DI can be abused as a way to get around long function signatures. "I don't take a lot of arguments here" (I'm just inside of an object that has ten other dependencies injected in). Welcome back to testing hell.
Yea... that could probably turn ugly in a lot of cases. I think the flow of object creation and dependency injection would be the important part to handle well in a case with a lot of dependencies. I think the dependencies should be passed down through objects in one direction. So if your object (a) that works on objects (b) that have a lot of dependencies, that first outer object (a) is responsible for injecting dependencies into those 2nd objects (b). So if you have a mocked dependency, you pass that when initializing object a, and object a is responsible for injecting that mocked dependency into object b.
A disclaimer, I'm an sre, so definitely not the most expert proponent of oop.
It's actually a good marketing trick. He can sell something slightly different and more "pure" and make promises on it and then sell books, trainings and merchandises.
That's what the wellness industry do all the time.

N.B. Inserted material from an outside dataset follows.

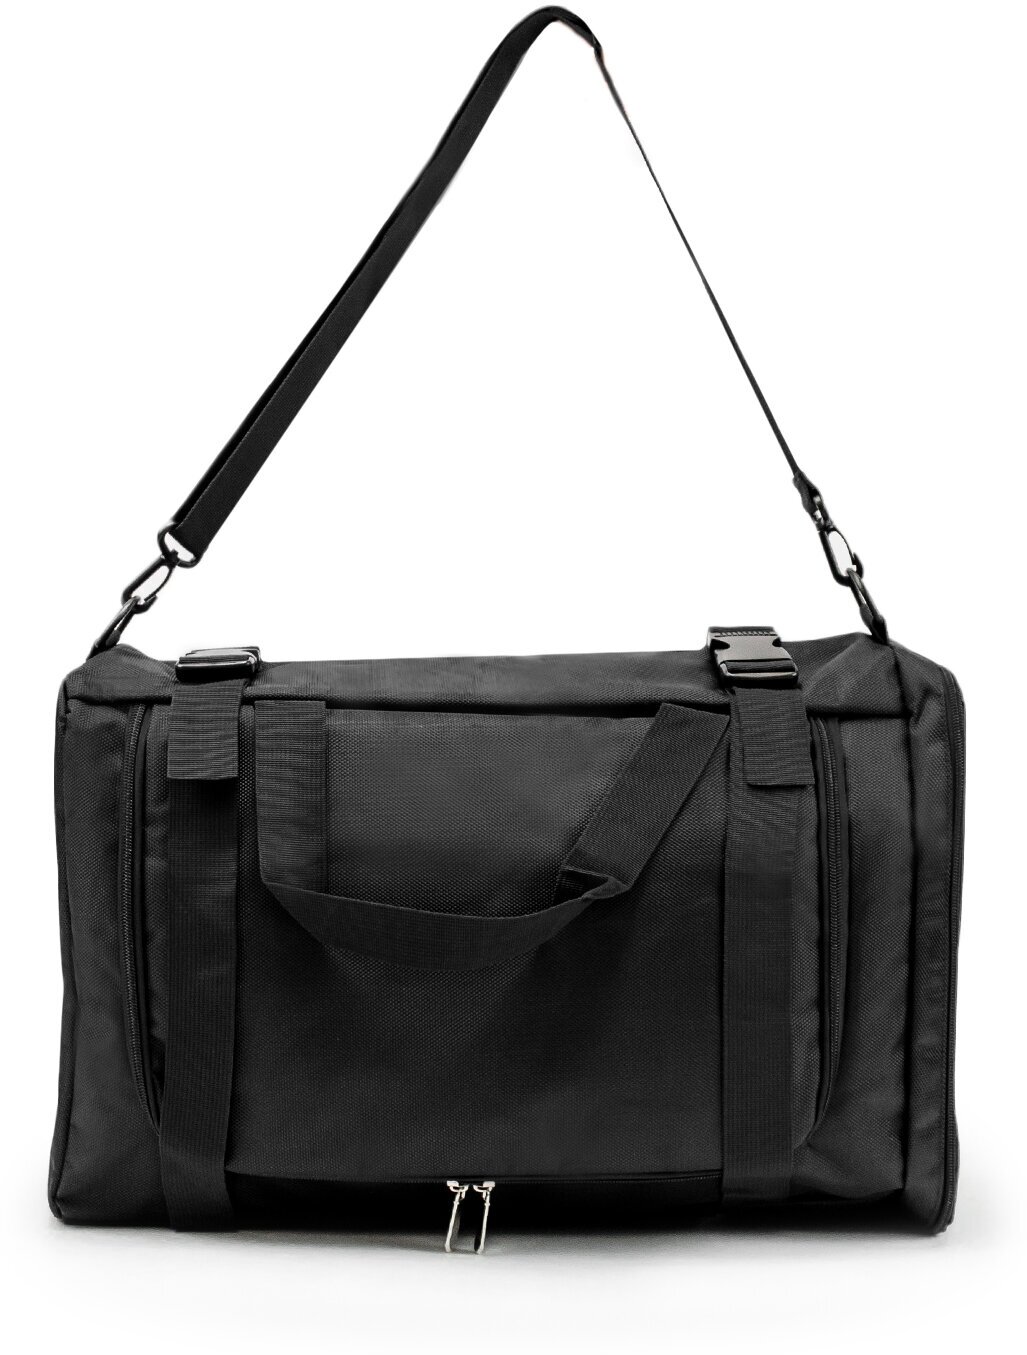 Рюкзак-спортивная сумка (22,5 л, черная) UrbanStorm трансформер большой размер для фитнеса, отдыха \ школьный для мальчиков, девочек - фотография № 10

The boolean issue is probably the one that's caused me the most pain. That contradiction with DRY has actually had me go back and forth between repeating myself and using a flag, wasting a ton of time on something incredibly pointless to be thinking that hard about. I feel like the best thing for my career would have been to not read that book right when I started my first professional programing job.
It's been a while since I've read it, but I think to handle boolean flag type logic well he suggests to rely on object subclassing instead. So, for an example that uses a dry run flag for scary operations, you can have your normal object (a) and all of its methods that actually perform those scary operations. Then you can subclass that object (a) to create a dry run subclass (b). That object b, can override only the methods that perform the scary operations that you want to dry run while at the same time using all of its non scary methods. That would let you avoid having if dry_run == true; then dry_run_method() else scary_method() scattered in lots of different methods.
It might make sense to divide your function with boolean flag into two functions and extract common code into third private function. Or may be it'll make things ugly.
I treat those books as something to show me how other people do things. I learn from it and I add it to my skill book. Then I'll apply it and see if I like it. If I don't like it in this particular case, I'll not apply it. IMO it's all about having insight into every possible solution. If you can implement something 10 different ways, you can choose the best one among them, but you have to learn those 10 different ways first.
Coding at scale is about managing complexity. The best code is code you don't have to read because of well named functional boundaries. Without these functional boundaries, you have to understand how every line of a function works, and then mentally model the entire graph of interactions at once, because of the potential for interactions between lines within a functional boundary. The complexity (sum total of possible interactions) grows as the number of lines within a functional boundary grows. The cognitive load to understand code grows as the number of possible interactions grow. Keeping methods short and hiding behavior behind well named functional boundaries is how you manage complexity in code.
The idea of code telling a story is that a unit of work should explain what it does through its use of well named variables, function/object names, and how data flows between function/objects. If you have to dig into the details of a function to understand what it does, you have failed to sufficiently explain what the function does through its naming and set of arguments.